I see them standing topless in fields that they’re probably trespassing on because they can hardly own property by working four hours a week as an artisan barista. Their arms usually seem to be thrown up in the air, there’s knots in their unkept hair, and they’re probably holding sparklers as they use grainy, overexposed filters to make it look like their photos weren’t actually taken on what I can only imagine is a cracked iPhone 7 but instead some old-timey camera they traded a poem for.

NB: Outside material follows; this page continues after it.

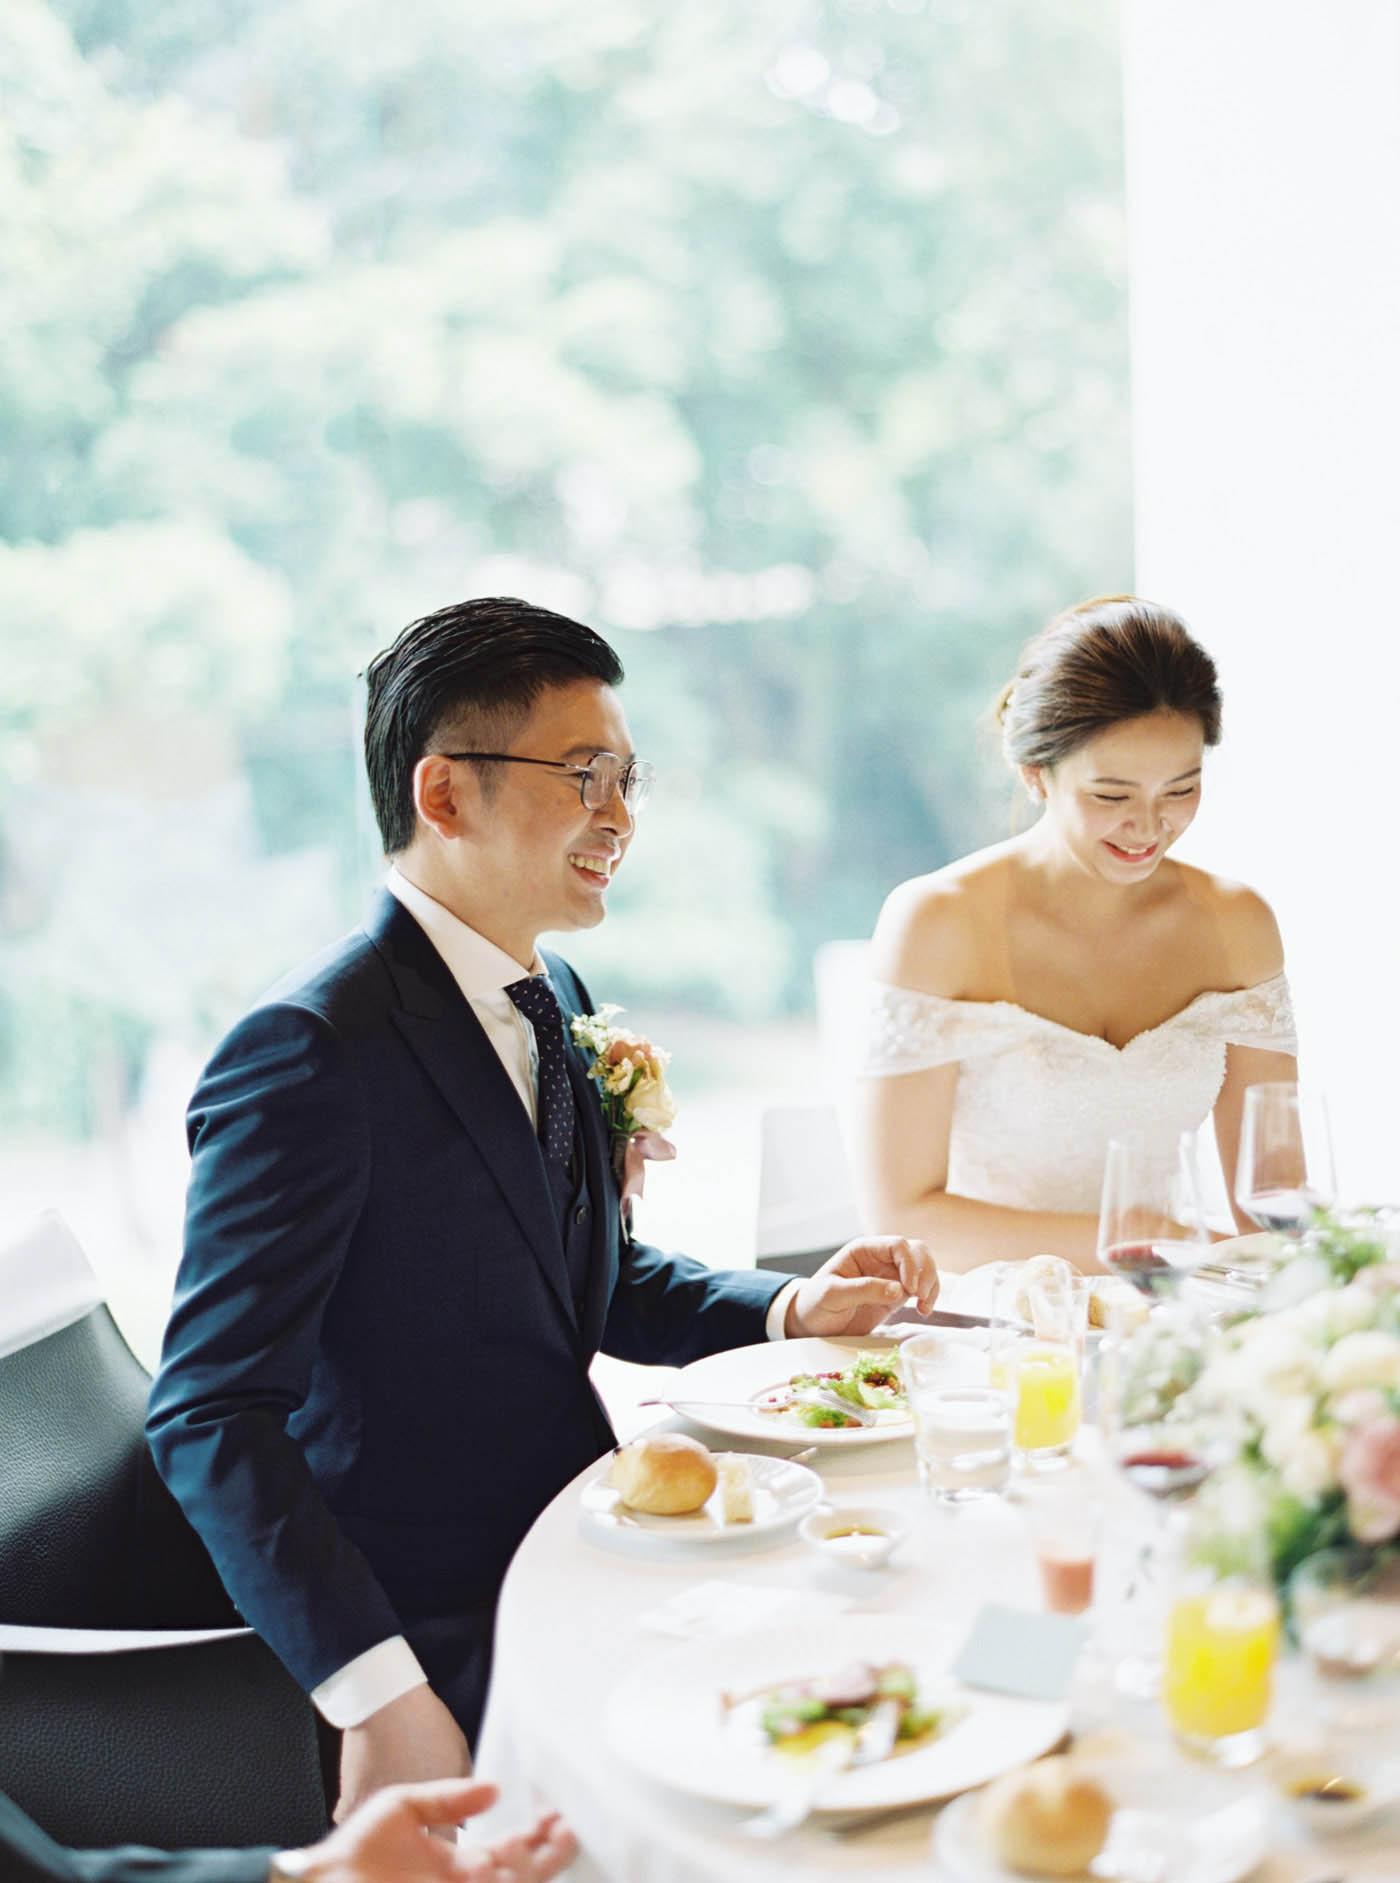 暖暖婚禮主持-誠品行旅婚禮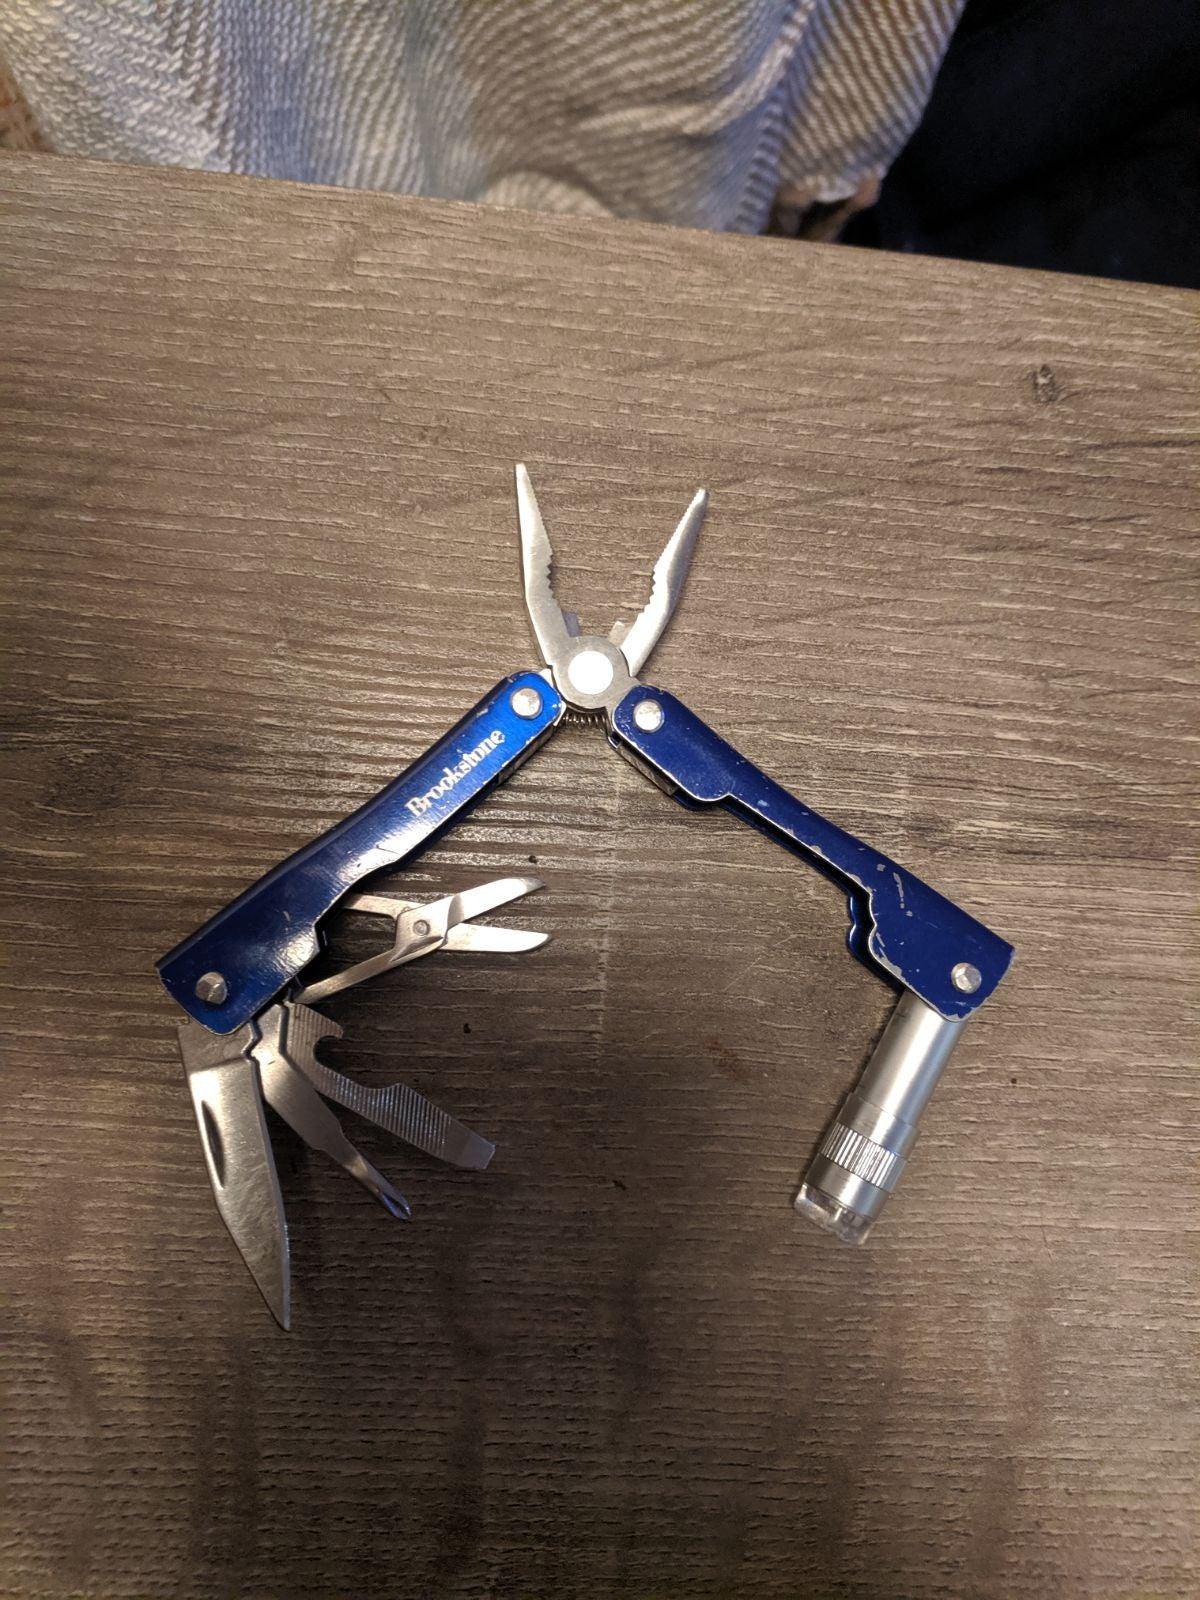 Brookstone Multi Tool

When I see them I just want to pop on some latex gloves, hand them a shirt, give them a good shake and yell, “WHAT ARE YOU SMILING ABOUT YOUR JEANS ARE FROM H&M FOR THE LOVE OF GOD.”

I’ve met a lot of these people in New York, actually. Many a free spirit on the subway — which I’d never take. There’s a stop by my apartment though, so I see many a miscreant pass by.

It’s lonelier here than I thought, and I did think it would be lonely.

It couldn’t have been any other way, I knew that — leaving it all behind. Leaving him.

No packing up, no goodbyes. Just the first flight out of London to get as far away from it all as quick as I could.

It’s been nearly a year. Not exactly, but almost.

And everything is different now.

There’s an incessant knocking at my front door.

I live on the top floor of 995 Fifth Avenue. I chose to live here because it looks like London, or about as much as a 16th floor apartment in Manhattan can look like London.

The knocking is louder and more insistent than the standard knock-knock-knock a regular person would make. This is an aggressively bright and rhythmic knock. Knock-knock-knock. Knock, knock. Again and again.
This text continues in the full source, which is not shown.